I’ve come to realize that we spend a lot of time in our lives filling up spaces, that it is a human drive to do so. We fill up silences with chatter. We fill days that are empty (I’m still waiting for one of these actually) with endless tasks and odd jobs to “keep ourselves busy”. We turn the radio up extra loud when we’re home alone to fill up the emptiness in a house. We seek to yang our yin at every turn. Our quietest walks are filled with earbud-delivered music. We fill up our time on a streetcar sending texts. An empty fridge or empty growling stomach must be filled with food. The end of a relationship finds many of us filling the time we used to spend as a couple with new hobbies (how many of us have those half knitted projects in a bottom drawer?), new plans, trips, hot yoga classes – we label as our “fantastic new routine!” or our “finally I can do this for ME with all this spare time!” activities. We end something and seek a new beginning to fill up the space created.

Life really is, among all its complexities, a series of losses, of spaces created and then filled. As we get older and inevitably accrue losses, we carry around those empty spaces. For empty things, they certainly weigh us down. Many people have said to me the memories of my dad will make up for the loss – and fill the emptiness. I have lots of memories of my dad. Not all are fabulous – and some are of us butting heads over decisions I’d made or over worries he had. But some of the best ones are those of him with Georgia. He was his absolute best with her.

georgia konked out

Georgia was “papa’s girl”. He – and my mom – were always the first to call after any even very minor event in Georgia’s life to ask me how it went. He never hesitated to take her somewhere by himself – and she loved going in papa’s car and listening to loud brass band music. She also loved hearing him play in the band – and to this day, if there is a band on television or in a movie – she always asks if it’s “Papa’s Band”.

She has played her brass band CDs until they are worn. We often listen to her puttering around in the basement only to then hear brass band music at a fairly generous volume accompanied by some impromptu marching wearing a uniform made up of a tea towel, a pair of pink Dollar Store mittens and a Blue Jays hat.
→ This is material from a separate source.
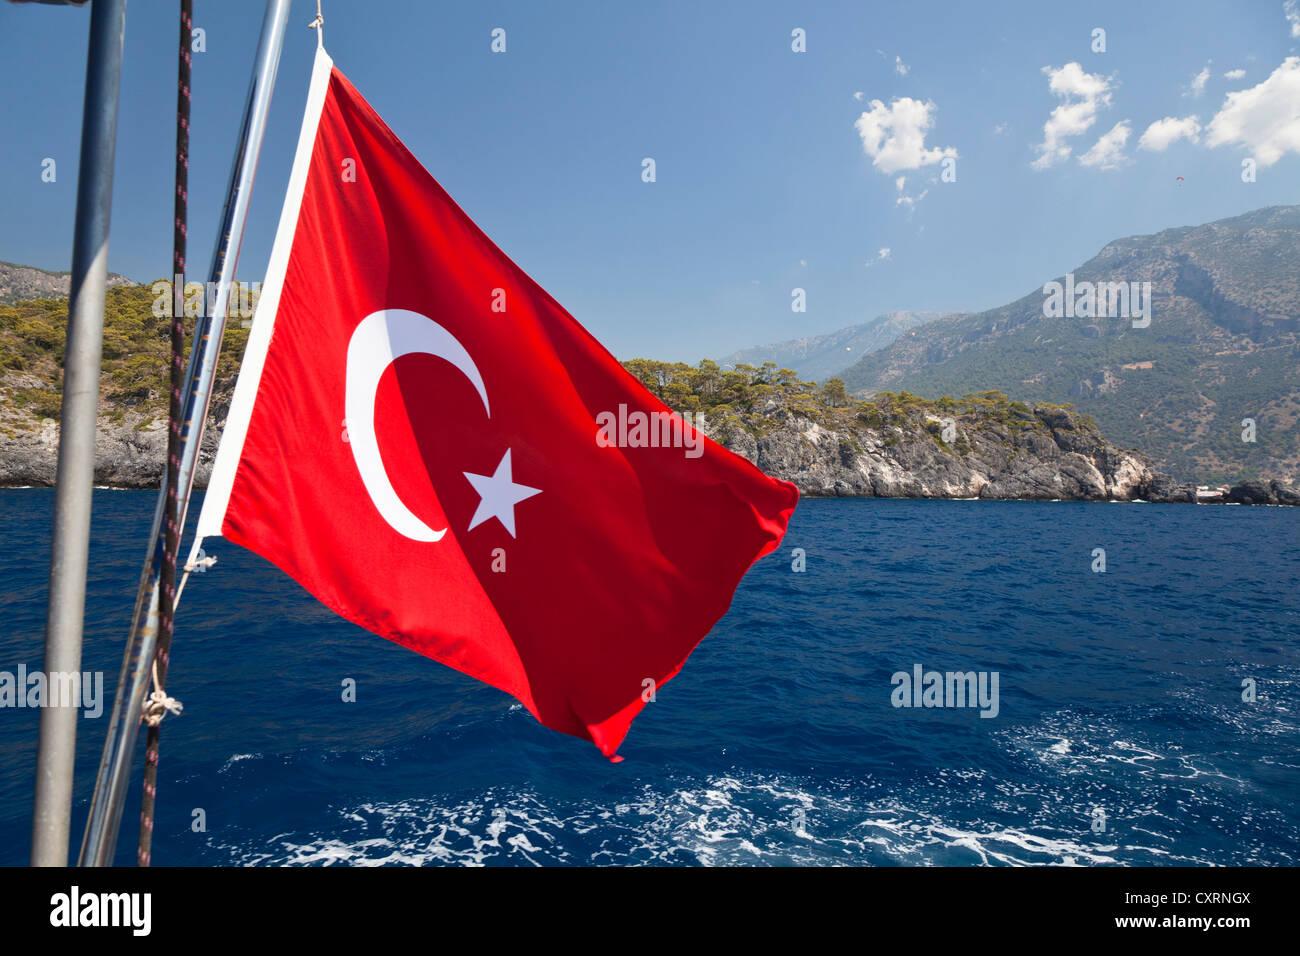 La bandera nacional turca, navegando a lo largo de la costa de Licio, Licia, el Mar Mediterráneo, Turquía, Imagen De Stock
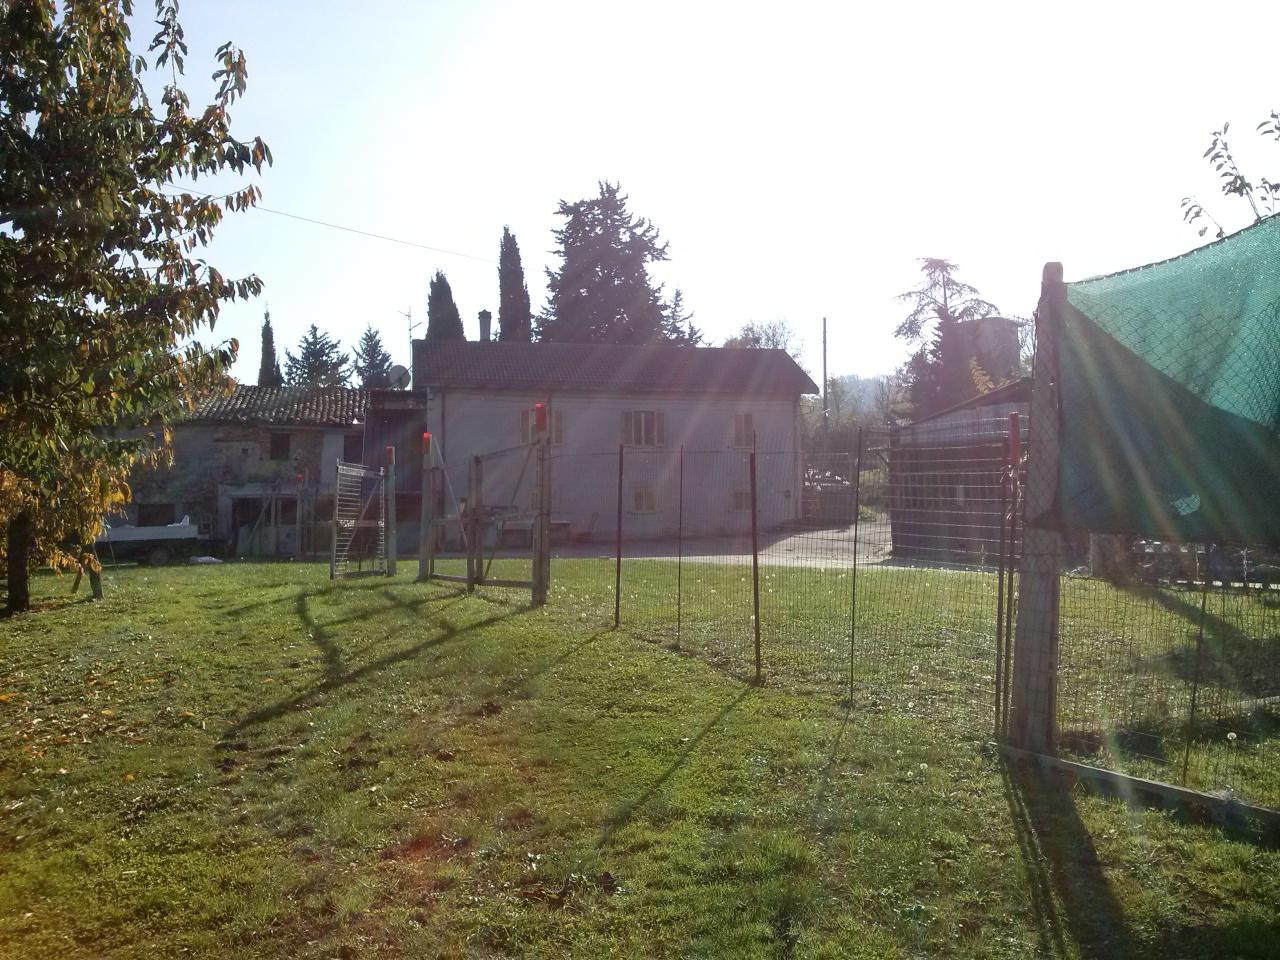 Rustico / Casale in vendita a Ascoli Piceno, 5 locali, zona Località: ValleFiorana, prezzo € 130.000 | CambioCasa.it

The two of them often went to Timmy’s together for coffee and Timbits. They went for walks together, shared the love of a good baseball hat, sat on park benches and chatted, vacationed together and most recently, they loved sitting on the couch in the basement on a Sunday afternoon watching football (for Georgia, watching grown men fall down) and working hard to out-snack each other. Smoked salmon, shrimp cocktail and cashews were their competitive snack foods and I still am not sure who could eat the most, to this day. Suffice it to say that I never carried up any leftovers (or crumbs for that matter) on any of the plates I cleaned up in the basement. They hung out the wind chimes in the trees in my parents’ garden in the spring and put them away each winter, together. He teased her. He smiled at the same joke she said thousands of times over. Even up until he last time he saw her, if he asked her to “come see papa” she’d come over and sidle up to him.

My dad wasn’t always one to wear rose-coloured glasses – he often focused on the negative or worried about all the awful possibilities rather then focus on enjoying the positives. But not when it came to Georgia. He always found something positive in her progress, even in the things that I framed negatively. When I’d tell him how frustrated I was with her acting out on a particular day, he’d focus on how great it was that she was becoming more independent and developing her own opinions and views. When I’d tell her that she had refused to take part in an activity at school, he’d say that at least she knew her own mind. I’d sigh and roll my eyes, but it stuck with me.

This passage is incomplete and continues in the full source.